# Katie's gift to us, one year later



## lalala (May 3, 2008)

What a beautiful tribute to your beloved Katie. She is watching over all of you from up above. Congratulations to you and your wife!! Lots more wonderful memories to come


----------



## Jackson'sMom (Oct 13, 2007)

What a beautiful tribute to such a beautiful girl. I'm so sorry you lost her at such a young age. Even in death, Katie is still teaching you and watching over you.


----------



## BeauShel (May 20, 2007)

Congratulations on the new baby. She is smiling down watching over you and happy that she has taught you so much in her short life. And now will be watching over the baby. I still think of you losing her at such a young age and in such a sudden way. 
You gave her a very beautiful tribute. That is such a beautiful picture of her.


----------



## 3 goldens (Sep 30, 2005)

It does not seem possible that ia whole year has passed since iiread about Katie's sudden passing. And I have to say that she left you a legacy that is rare ad the best that can be left--the knowledge you now have of life and life's unpredictable events, how precious each moment is, and of the love that can be shared between a dog and it's humans. What a beautiful girl she was.


----------



## Pointgold (Jun 6, 2007)

Oh, Timm and Melissa! A baby on the way! I am so excited for you. Your tribute to Katie is beautiful. It hardly seems possible that she left you a year ago. She was so pretty and so well loved. I am sure that Chloe is every bit as loved, she is very lucky.

So, we really do need a picture of the beautiful Melissa - I can only imagine how much more beautiful she is pregnant!

Congratulations, you so deserve this wonderful gift.


----------



## goldensmum (Oct 23, 2007)

Congratulations on your good news - hope everything goes well for you both.

Run free and sleep softly Katie


----------



## davebeech (Feb 11, 2006)

Beautiful tribute to Katie, I know how sad this day will be for you and that Katie was one beautiful girl who stole your hearts.

Congratulations on your good news too.


----------



## Hudson (May 18, 2005)

Congratulations on your wonderful news and the wonderful tribute of what sweet Katie bought to your life, she will be happy for you sharing your love with Chloe and soon a new little baby.


----------



## Jenny Wren (Feb 27, 2007)

Oh Tim and Melissa!! I'm crying tears of joy for you both! It was just a short time ago we were crying in pain with you. And when I think of Katie, those tears come back, even still.
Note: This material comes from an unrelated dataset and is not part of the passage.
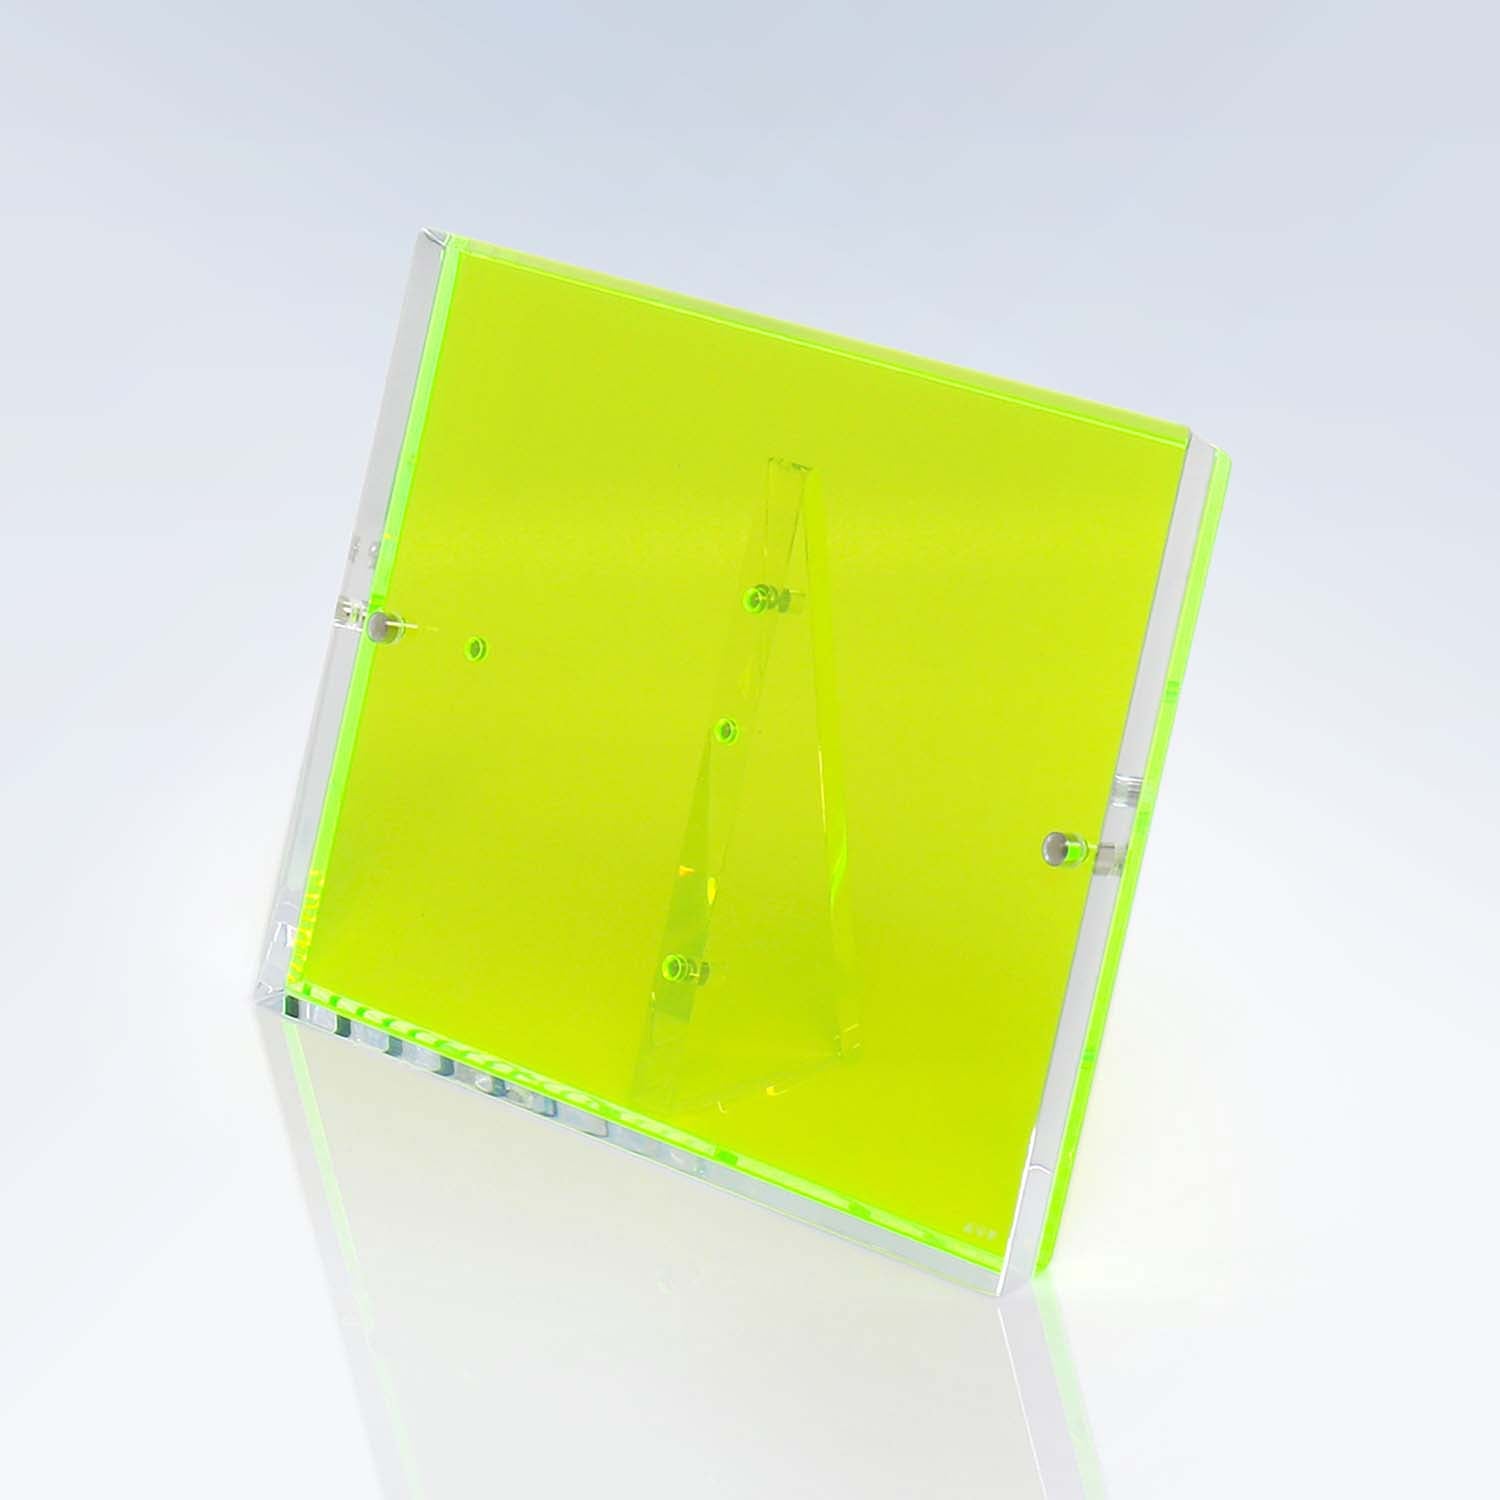 Neon green acrylic box emits a subtle green glow.

But Chloe has been a good turn for you both. She's not Katie but she will be--and is- a good pup for you. I always smile when you post pictures of her...and look forward to more.

Now a BABY!! Yippee!! It's wonderful. Our first grandchild is going to be born the first of November, good Lord willing. I can count with them AND you now! Laura is right--we want to see Melissa! (Chloe too)...

That little baby is going to have the best life! Congratulations to both of you!!


----------



## Fozzybear (Feb 27, 2008)

That is a wonderfull tribute you wrote about Katie and Congratulations on the Baby news!


----------



## Debles (Sep 6, 2007)

Congratulations on your wonderful news! Having your child grow up with Chloe will be a joy for all of you!

I wasn't around when you lost your dear Katie. I am so very sorry she had to leave you so young! It is so very hard and painful!

Yes, please post lots of pics!


----------



## Hedy (Feb 28, 2008)

What a beautiful tribute. This is from Melissa's mom, her & Tim are two very special people & so is Chloe! I can hardly wait to be a Grandmom, we are truly blessed!
Love you all, Mom (Hedy)


----------



## Jenny Wren (Feb 27, 2007)

Welcome to the forum Hedy... yes they are special people...you must be too!


----------



## Swanolck (Jan 17, 2007)

Congratulations Tim & Melissa & Chloe!!! You guys will be great human parents too!! 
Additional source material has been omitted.